Spectrale classificatie van sterren

Uit Wikipedia, de vrije encyclopedie
Sterren van verschillende spectrale typen

Spectrale classificatie van sterren - classificatie van sterren volgens de kenmerken van hun spectra. De spectra van sterren variëren sterk, hoewel de meeste continu zijn met absorptielijnen. De moderne spectrale classificatie bestaat uit twee parameters: de vorm van het spectrum, dat voornamelijk afhangt van de temperatuur, wordt beschreven door het spectraaltype en de helderheid van een ster wordt beschreven door de helderheidsklasse. Ook kan bij de classificatie rekening worden gehouden met aanvullende kenmerken van het spectrum.

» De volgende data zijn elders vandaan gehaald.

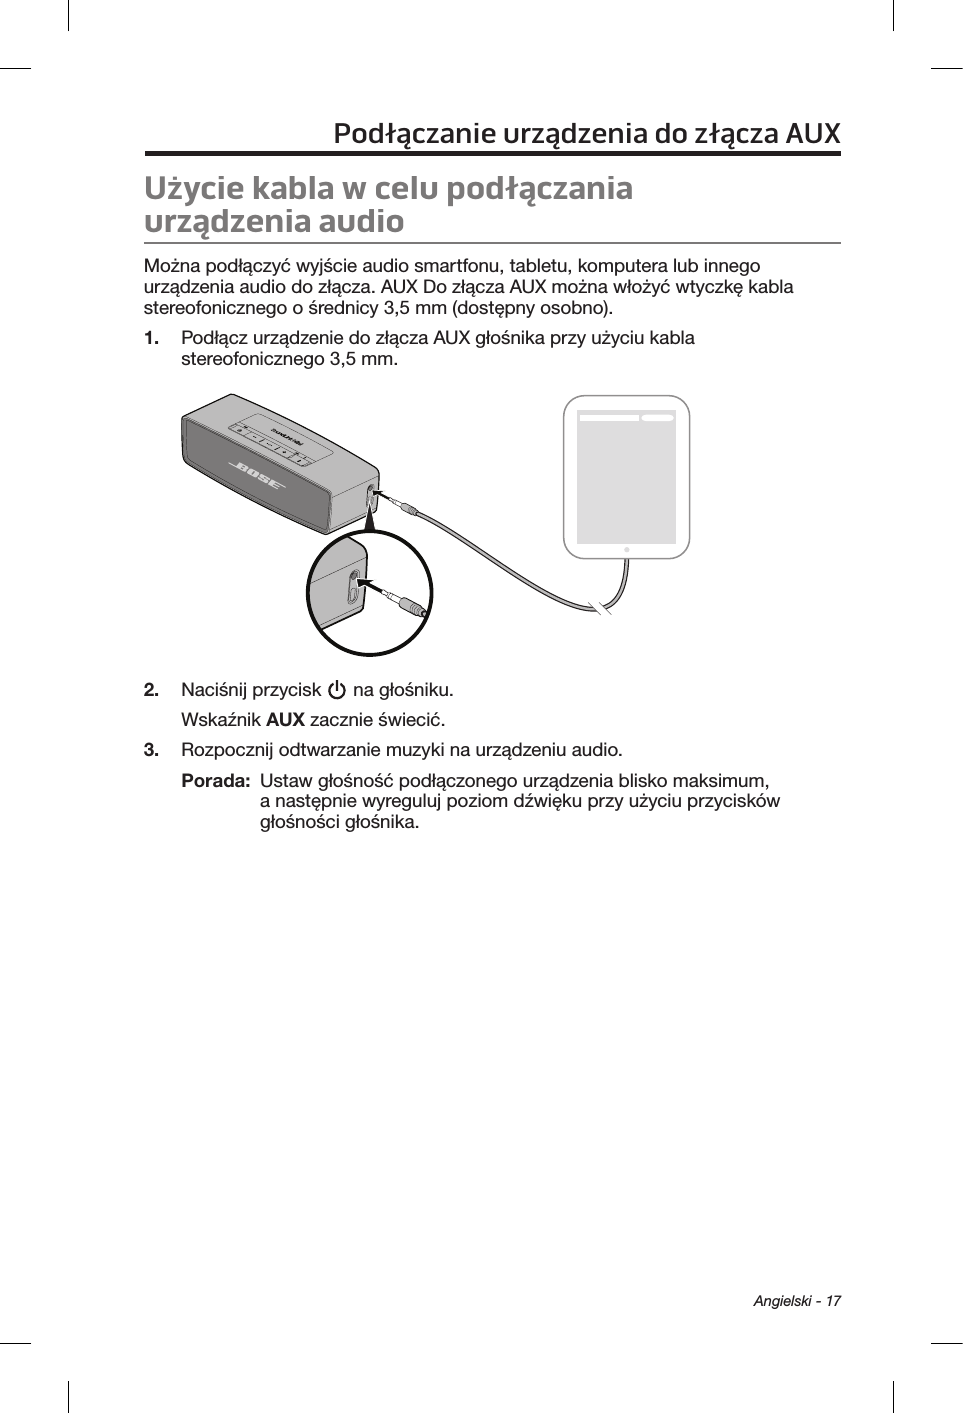  Angielski - 17Podłączanie urządzenia do złącza AUXUżycie kabla wcelu podłączania urządzeniaaudioMożna podłączyć wyjście audio smartfonu, tabletu, komputera lub innego urządzenia audio do złącza. AUX Do złącza AUX można włożyć wtyczkę kabla stereofonicznego o średnicy 3,5 mm (dostępny osobno).1.  Podłącz urządzenie do złącza AUX głośnika przy użyciu kabla stereofonicznego 3,5 mm.2.  Naciśnij przycisk   na głośniku.Wskaźnik AUX zacznie świecić.3.  Rozpocznij odtwarzanie muzyki na urządzeniu audio.Porada:   Ustaw głośność podłączonego urządzenia blisko maksimum, a następnie wyreguluj poziom dźwięku przy użyciu przycisków głośności głośnika.

De belangrijkste spectrale klassen van sterren in afnemende volgorde van temperatuur, van blauwer naar roder - O, B, A, F, G, K, M. De meeste sterren, inclusief de zon, behoren tot deze spectrale klassen, maar er zijn andere klassen: bijvoorbeeld L, T, Y voor bruine dwergen of C, S voor koolstof- en S-type sterren. De belangrijkste spectrale klassen zijn onderverdeeld in subklassen, aangegeven met een cijfer achter de aanduiding van de klasse, van 0 tot 9 (behalve O, waarvan de subklassen van 2 tot 9) zijn in volgorde van afnemende temperatuur. Klassen van sterren met hogere temperaturen worden gewoonlijk vroege, lagere temperaturen - later genoemd.

Sterren van hetzelfde spectraaltype kunnen verschillende lichtsterkten hebben. In dit geval zijn de spectrale klassen en helderheid niet willekeurig verdeeld: er is een bepaald verband tussen hen, en in het diagram de spectrale klasse - de absolute helderheid, de sterren zijn gegroepeerd in afzonderlijke regio's, die elk overeenkomen met de helderheid klas. Lichtsterkteklassen worden aangeduid met Romeinse cijfers van I tot VII, van helderder tot zwakker. De lichtkracht van een ster heeft enig effect op de vorm van zijn spectrum, zodat er verschillen zijn tussen de spectra van sterren van dezelfde spectraalklasse en verschillende lichtkrachtklassen.

Spectrale kenmerken die niet in deze classificatie passen, worden meestal aangeduid met extra symbolen. De aanwezigheid van emissielijnen wordt bijvoorbeeld aangegeven met de letter e en bijzondere spectra worden aangegeven met de letter p.